Un Conseil agricole européen se tient ce lundi à Bruxelles. Les ministres de l'Agriculture y évoquent notamment l'accord commercial entre l'Europe et les pays du Mercosur (Brésil, Argentine, Paraguay et Uruguay). Cet accord, qui doit encore passer par un long processus de validation, concerne, entre autres, des produits agricoles, dont les importations et exportations seront facilitées par un relèvement des quotas, une suppression ou une diminution des droits de douane. De très nombreux agriculteurs européens se sentent menacés par ce possible futur traité commercial.

Le ministre fédéral de l’Agriculture Denis Ducarme (MR) a profité du Conseil Agripêche pour rencontrer le commissaire européen à l’Agriculture Phil Hogan. Avec la France, la Pologne ou l'Irlande, la Belgique fait partie des pays qui ne sont pas très favorables à la signature de cet accord avec le Mercosur. Denis Ducarme a signifié à Phil Hogan "toute son inquiétude, notamment pour les secteurs bovins, du sucre, de la volaille et de l’éthanol", fait savoir son cabinet.
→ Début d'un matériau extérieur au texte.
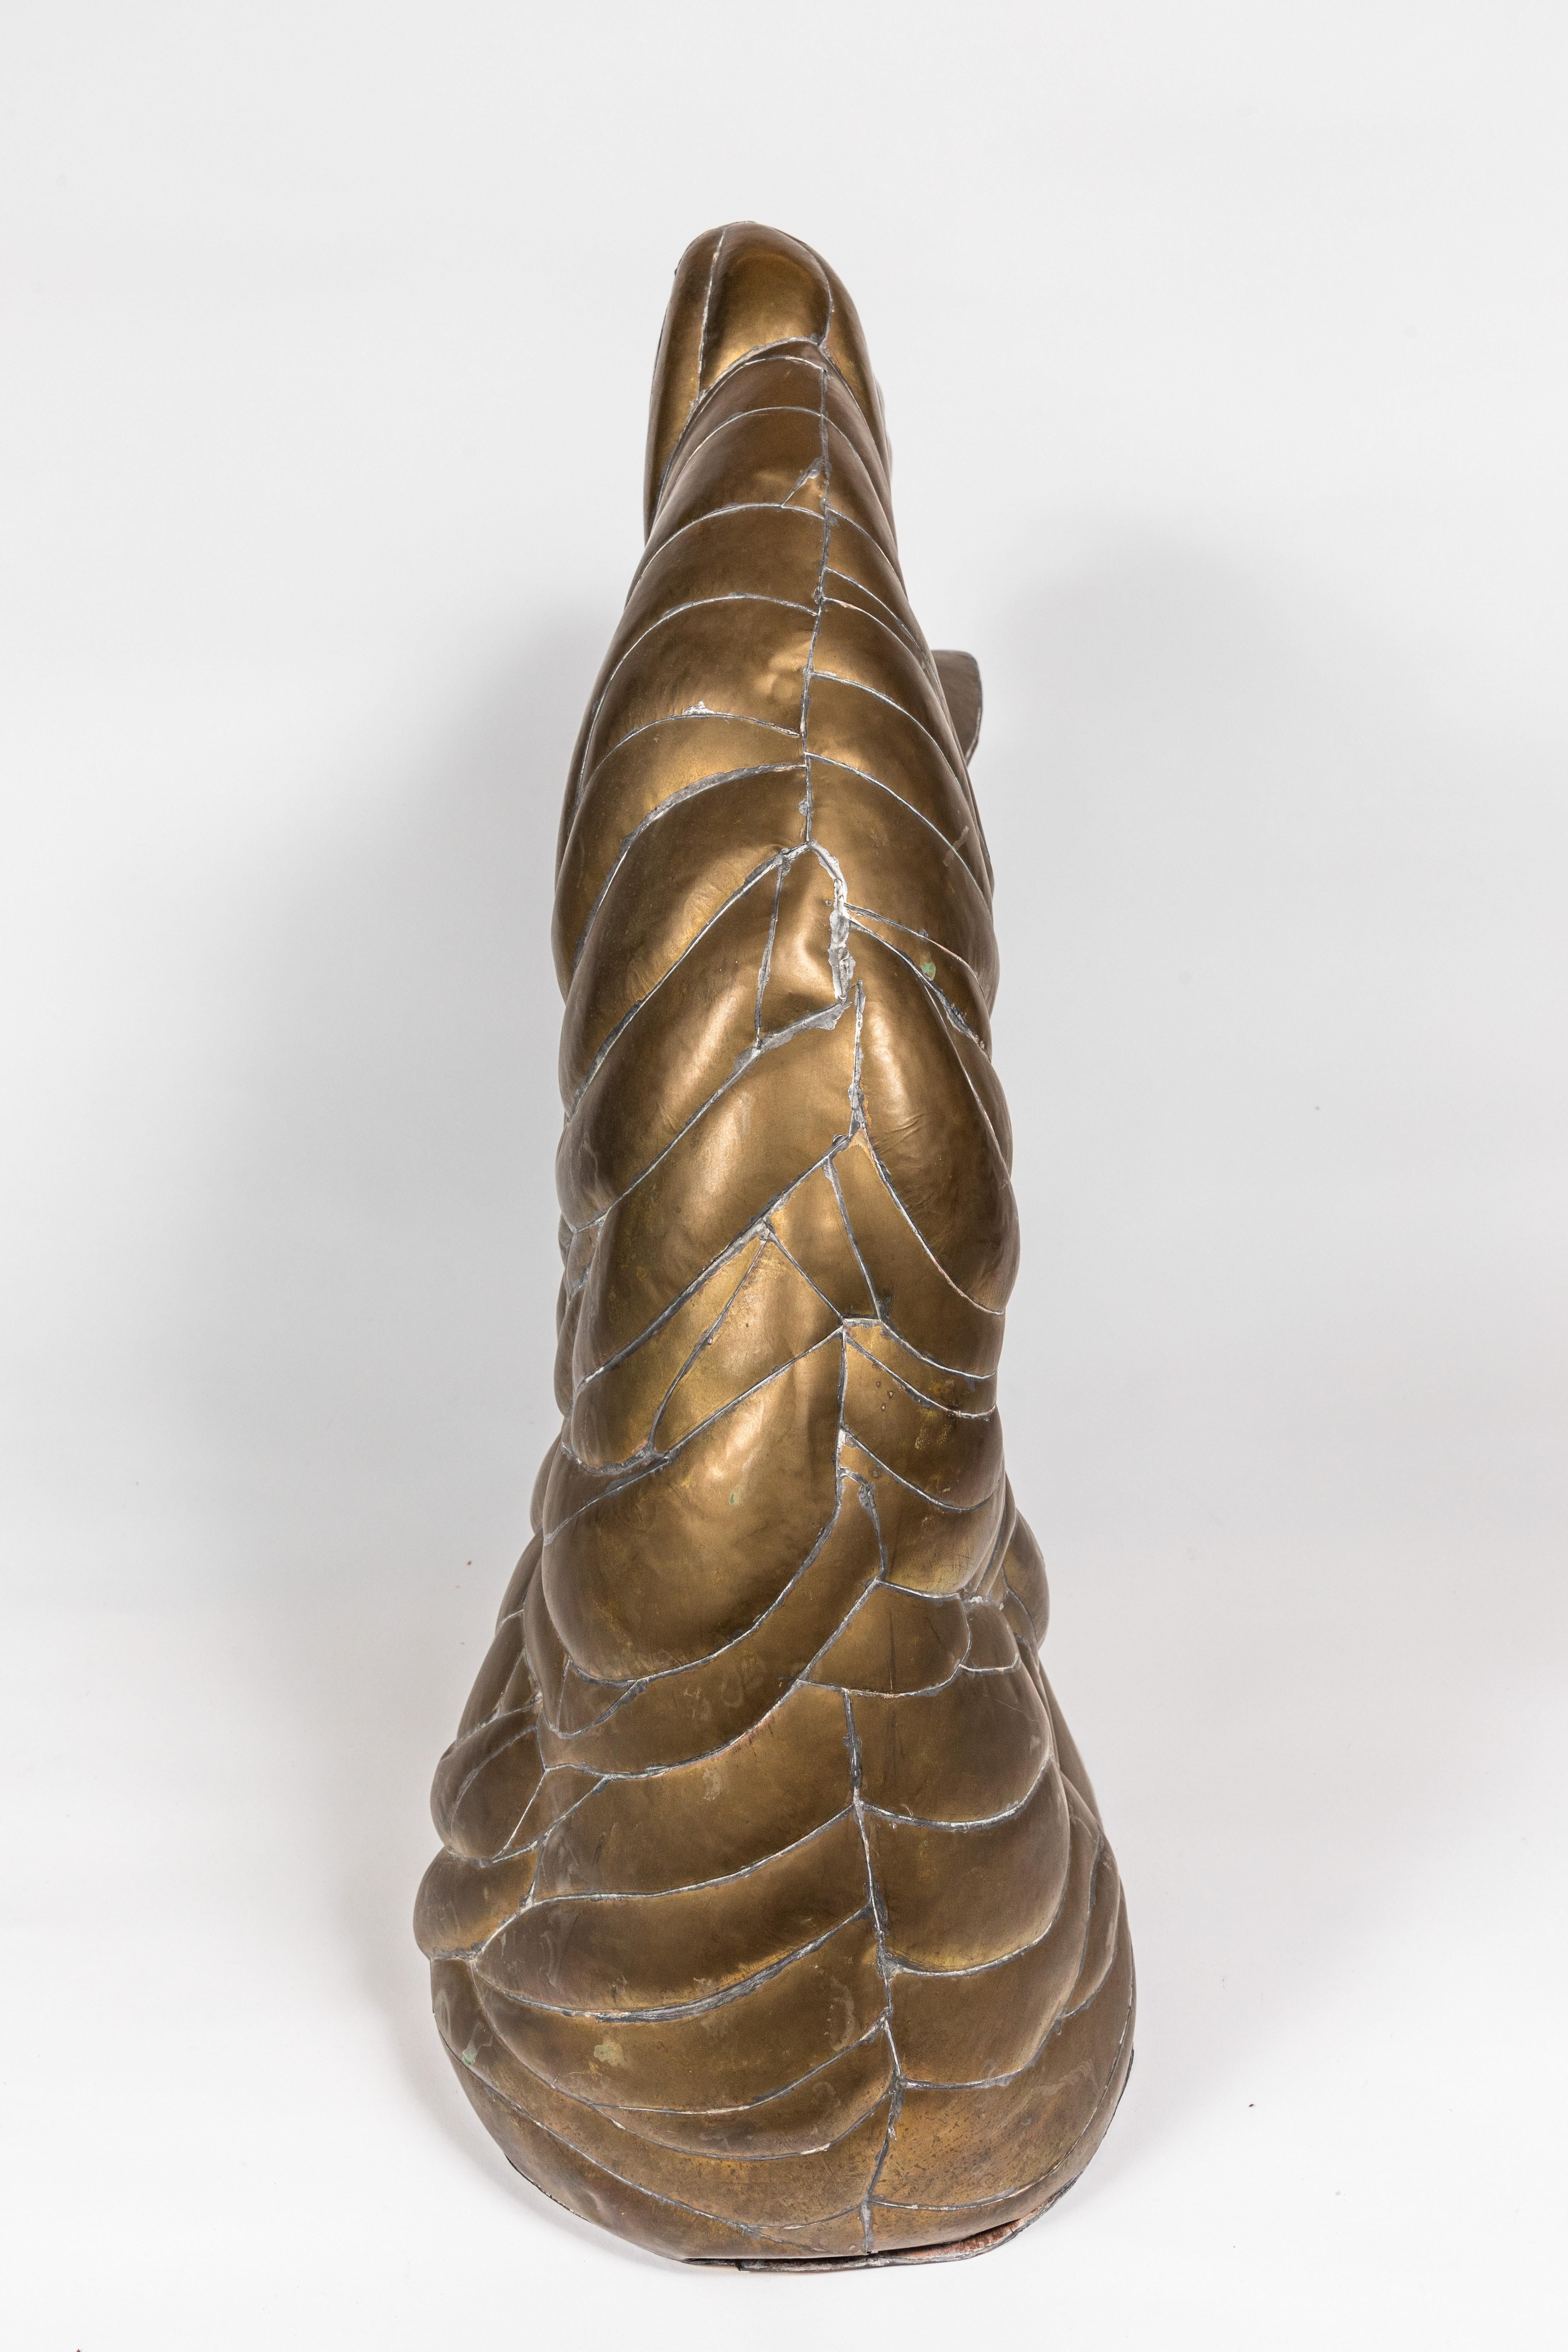 20th Century Horse Head Sculpture in Pieced Brass

"Nos agriculteurs sont inquiets et cette inquiétude est totalement légitime. Il faut que la Commission européenne apporte rapidement des précisions sur la manière dont les pistes d’aides aux secteurs agricoles impactés suite à l’accord avec le Mercosur seront réparties en fonction des secteurs et des pays", déclare le ministre.

Denis Ducarme a demandé que la Commission européenne prenne "une position claire sur la manière dont elle entend lutter contre la concurrence déloyale dont les secteurs précités pourraient être victimes suite à la conclusion de l’accord". Et il souhaite des précisions quant à la clé de répartition de l’enveloppe de compensation d’un milliard d’euros promise par la Commission européenne aux agriculteurs et aux secteurs agricoles qui pourraient être impactés par l’accord avec le Mercosur.